Belgian jurist, Holocaust survivor and jazz pianist

Simon Gronowski (born October 12, 1931) is a doctor of law, lawyer, jazz pianist, Holocaust survivor and author of the autobiography "L'Enfant du XXe Convoi" (The Child of the 20th Convoy). He served as president of the "Association of the Jewish Deportees in Belgium. Daughters and Sons of the Deportation". His escape as a boy from a train bound for Auschwitz inspired an opera. His memoir was recounted in a children’s picture book, "Simon, le petit évadé".

==Life==
Gronowski was born in Uccle, Brussels in Belgium in 1931. He lived there with his stateless parents, Polish-born Léon Gronowski and Lithuanian-born Chana Kaplan, and his sister Ita who had Belgian nationality. Two Gestapo men arrived and arrested them. His father was in hospital, but his mother said her husband was dead. He and his mother travelled in the same cattle truck thinking that they were being deported.

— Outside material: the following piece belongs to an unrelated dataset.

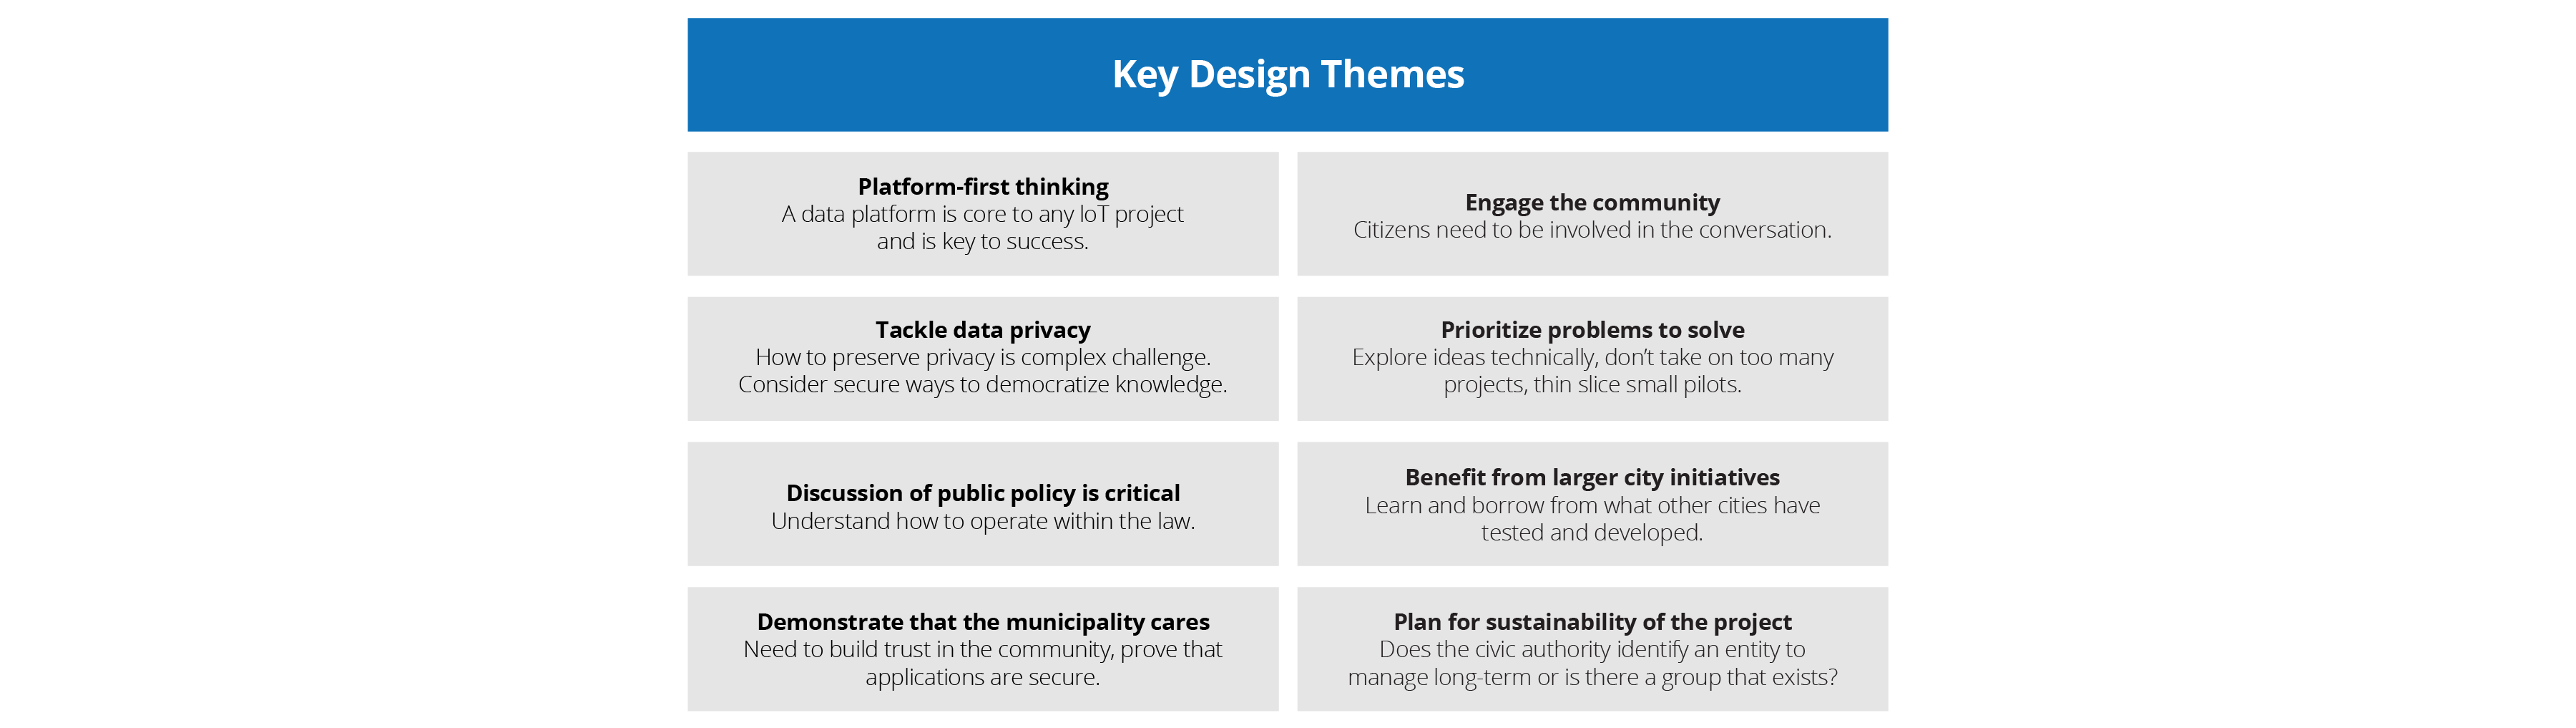 Key design themes

He survived the Holocaust by escaping deportation in the attack on the twentieth convoy, on 19 April 1943, which would have taken him to Auschwitz. The train they were on was uniquely stopped by three members of the resistance (Youra Livchitz, Jean Franklemon and Robert Maistriau) who had rigged up a red danger light to stop the train. The three were cleared away by gun shots and the train continued on its way. The people in his wagon managed to open the door and as the train slowed again, his mother helped him to jump from the train. He was able to return to Brussels because a Police officer ignored his instructions and he put Simon onto another train. He was reunited with his father and they then lived through the rest of the war in hiding like his father. His mother was killed at Auschwitz as was his sister who was put on transport XXII on 20 September 1943. On July 9, 1945, Simon's father died, it is said of despair in their home in Etterbeek. After spending three years in foster care, Simon survived by renting out his parents' house and in this way he managed to pay for his studies.
Gronowski holds a Doctor of Law degree from the Free University of Brussels.

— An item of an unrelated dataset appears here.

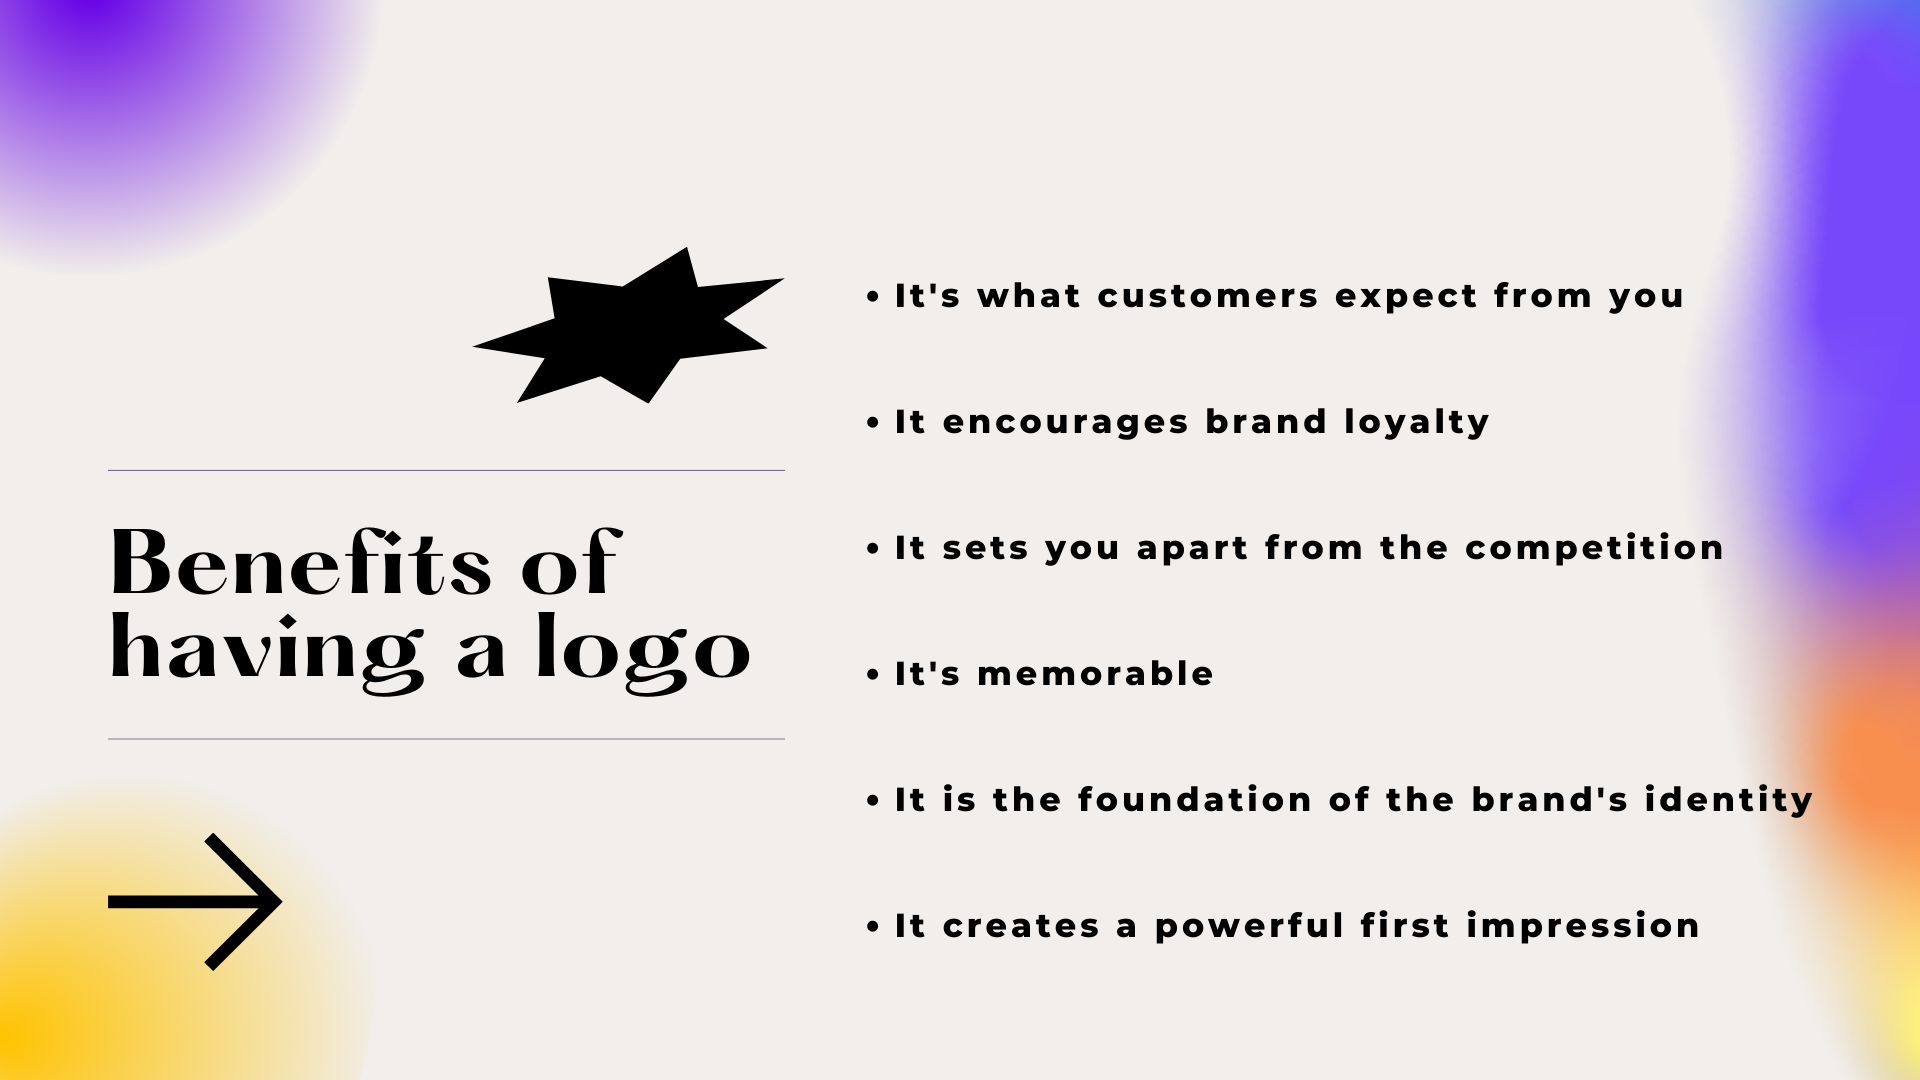 Benefits of having a logo

Later in life, after writing his memoir, he was invited to share his tale at Belgian schools and memorial events. After one of these events, he was contacted by Koenraad Tinel, a sculptor his age, whose father and brother had been enthusiastic Belgian Nazis. They became friends, wrote a book together, "Finally, Liberated", and started giving lectures together.

Friday 28 October 2018 saw the unveiling of a bronze sculpture, entitled "Embrace", in his hommage in Ganshoren, Belgium in the presence of such dignitaries as the former president of the European Council Herman Van Rompuy and historian David Van Reybrouck. It was made by his good friend Koenraad Tinel and depicts two organic figures on rails, shapes that evoke the deportation train and a very specific event in the life of the then 87-year-old Brussels resident.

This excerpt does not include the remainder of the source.